General Information On Blow Molding

By Genevive B. Mata


There are numerous procedures that go into manufacturing various goods. Blow molding is among those and is meant to produce hollow parts using plastic materials. Generally, there are three kinds done in this process: injection stretch, injection, extrusion.

The procedure starts with plastic being melted. This is then formed into a parison or preform. The latter refers to that which applies to injection stretch and injection practices. The parison is a plastic, tube-shaped piece that has a hole at the end in which compressed air is designed to pass through. This clamps to the mold and air is then blown inside. Pressure from the air is enough to push the plastic out to fit the mold. After being cooled and hardening, the mold opens and is then ejected.

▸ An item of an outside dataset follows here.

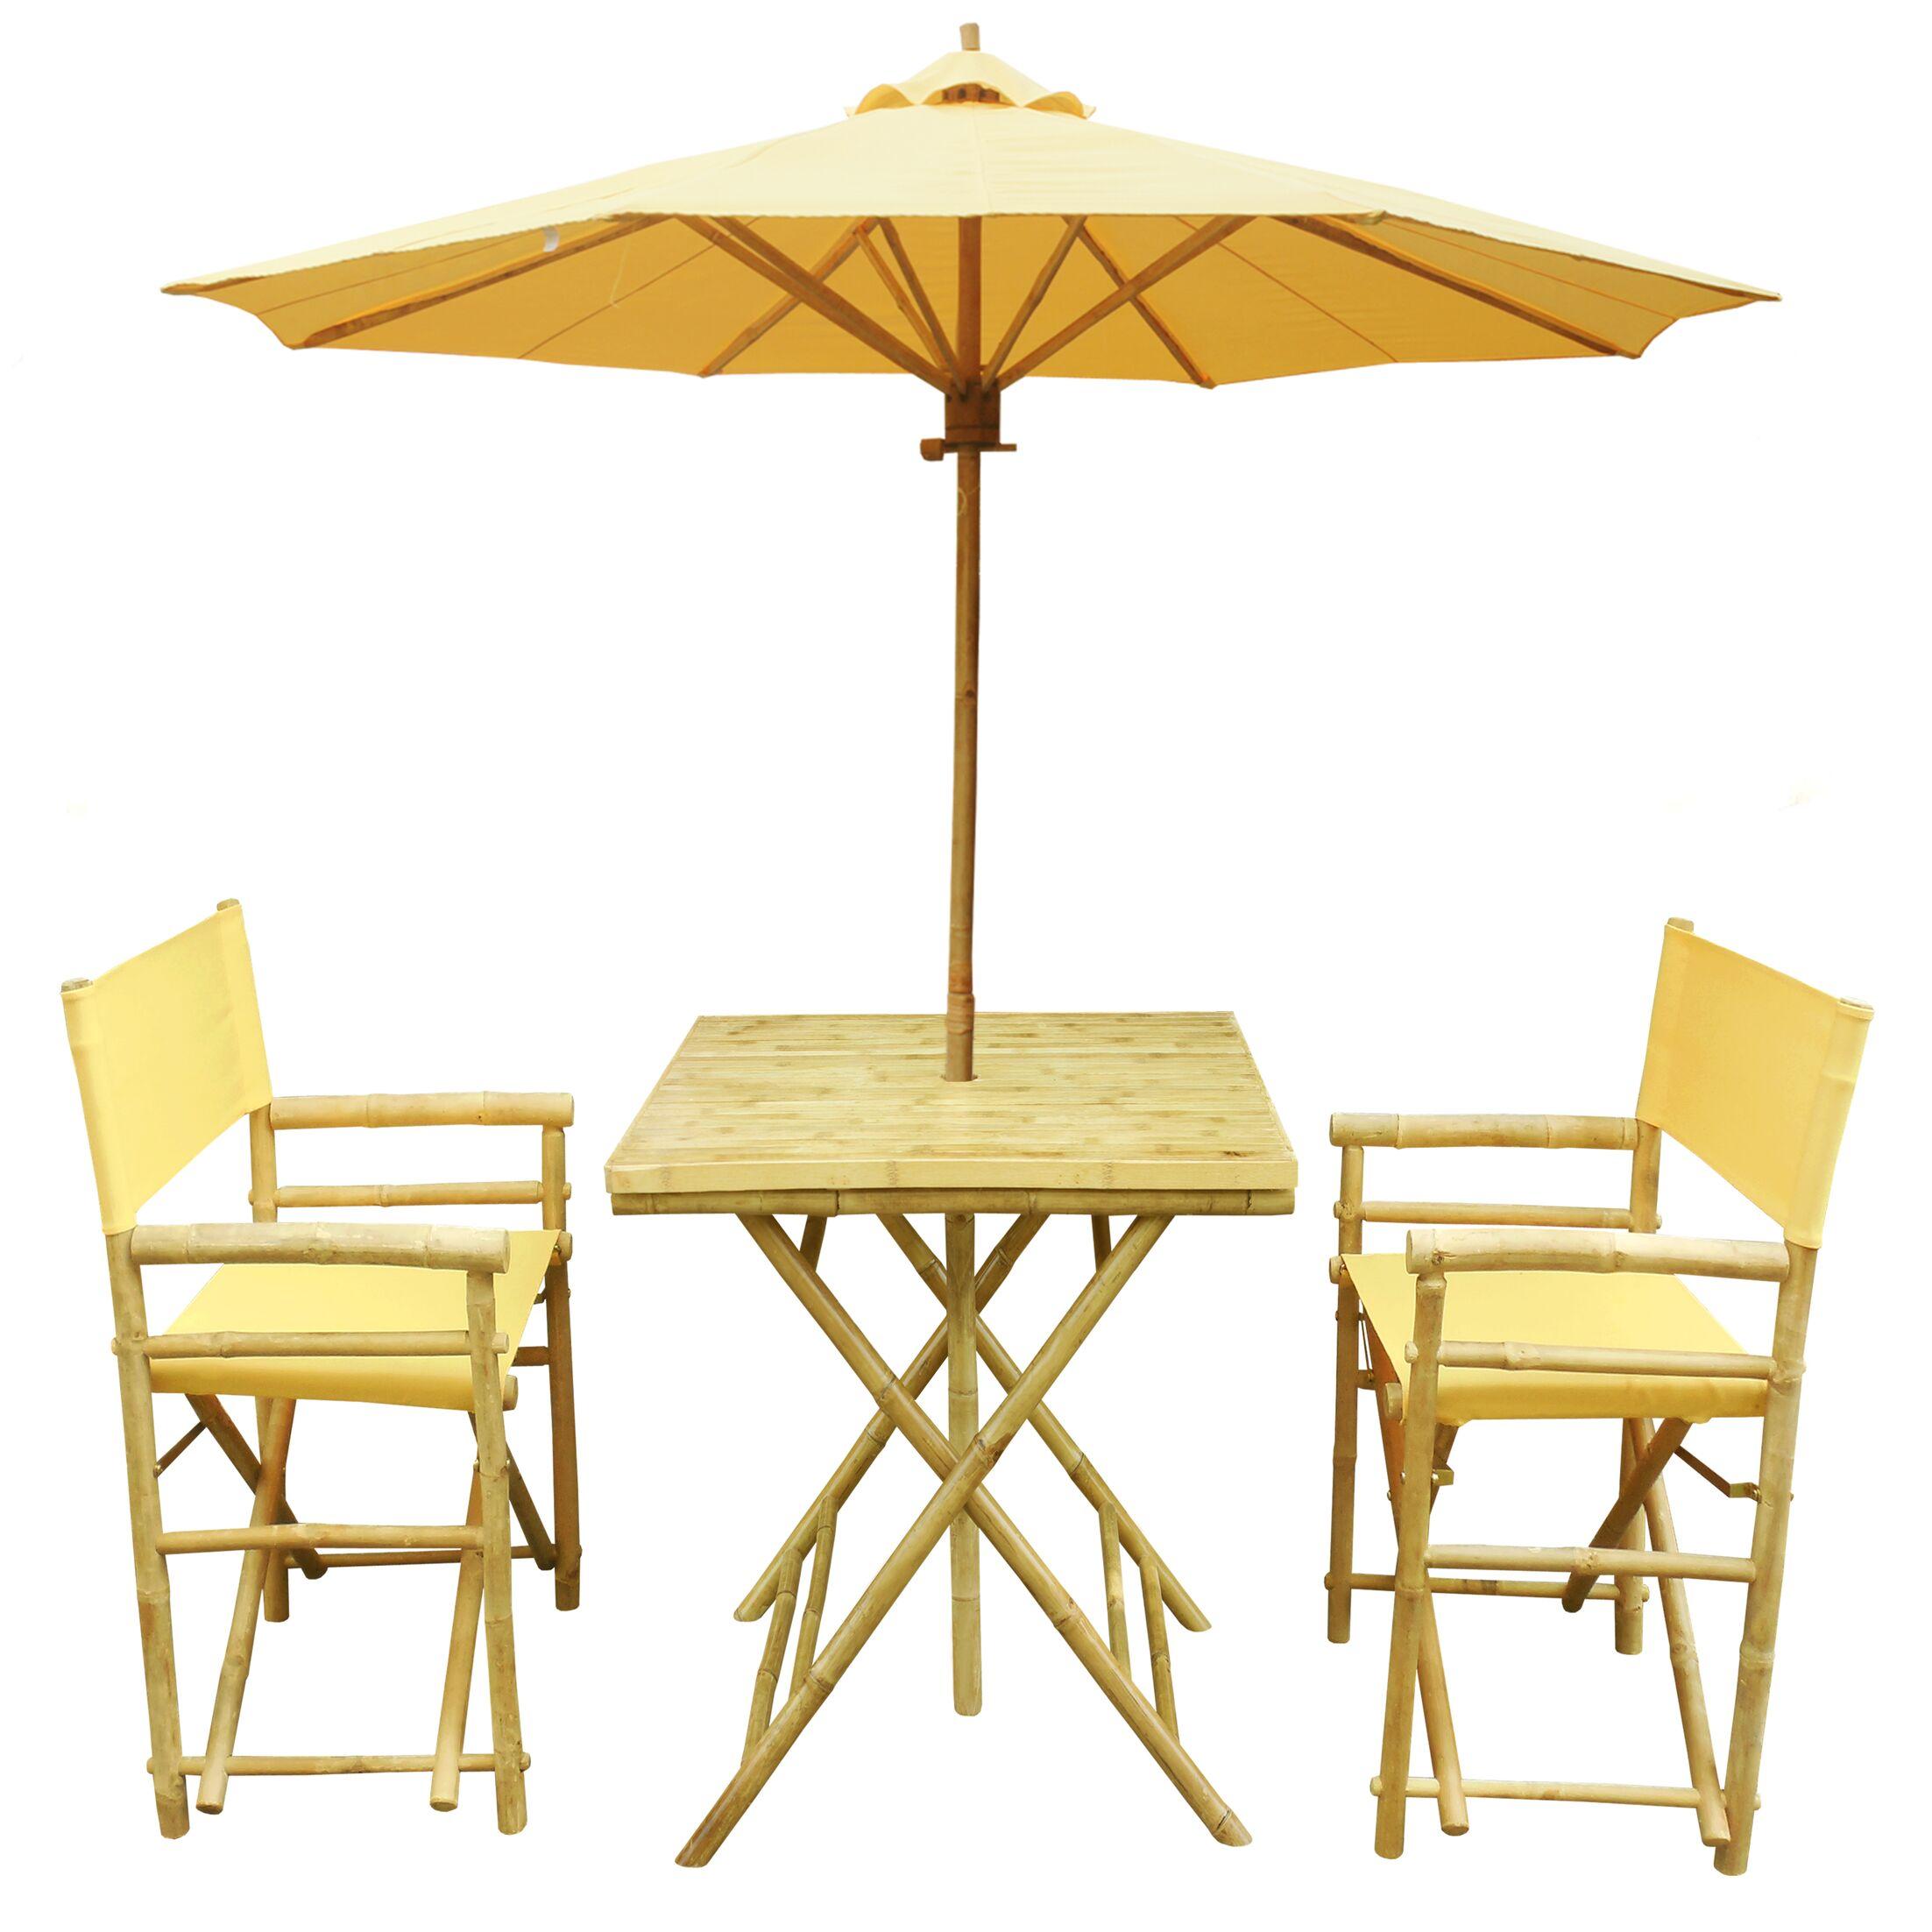 Sinta Bamboo 3 Piece Bistro Set with Umbrella Color: Yellow

William Kopitke and Enoch Ferngren are credited as the first to have used this process. The concept behind the technique is nothing new and is based off glassblowing. The two men built a blow-molding device and in the later half of the 1930s, sold it to the Hartford Empire Company. This move would lead to the eventual popularity of the process commercially.

Limitations of variety and number in the products meant that this process did not become popularized until later. Once variety and production rates grew, the number of the goods increased as well. In the United States soft-drink industry, the plastic bottles that were made in 1977 was zero. The number increased to ten billion by 1999. In the modern day, even more products are being blown, a number that is expected to increase as time goes.

There are multiple typologies with this practice. Extrusion process, also known as EBM, involves the plastic being melted and later extruded in a tube that is hollowed out. The process might be intermittent or continuous. The kinds of products typically made with this approach: watering cans, automotive ducting, milk bottles, polyethylene hollow products, shampoo bottles and more.

Injection, or IBM, is employed for production of hollow glass, as well as plastic objects in big quantities. With this process, polymer is injection molded on a core pin, which is rotated to another station to be inflated and later cooled. This is the least used process of the three different kinds. There are two different methods commonly used for the injection stretch process: single and two stage.

There are disadvantages and advantages associated with the three different types of molding. Likewise, these are employed for the manufacturing of different parts. The practice, as a whole, has become more common and is employed in numerous industries of today.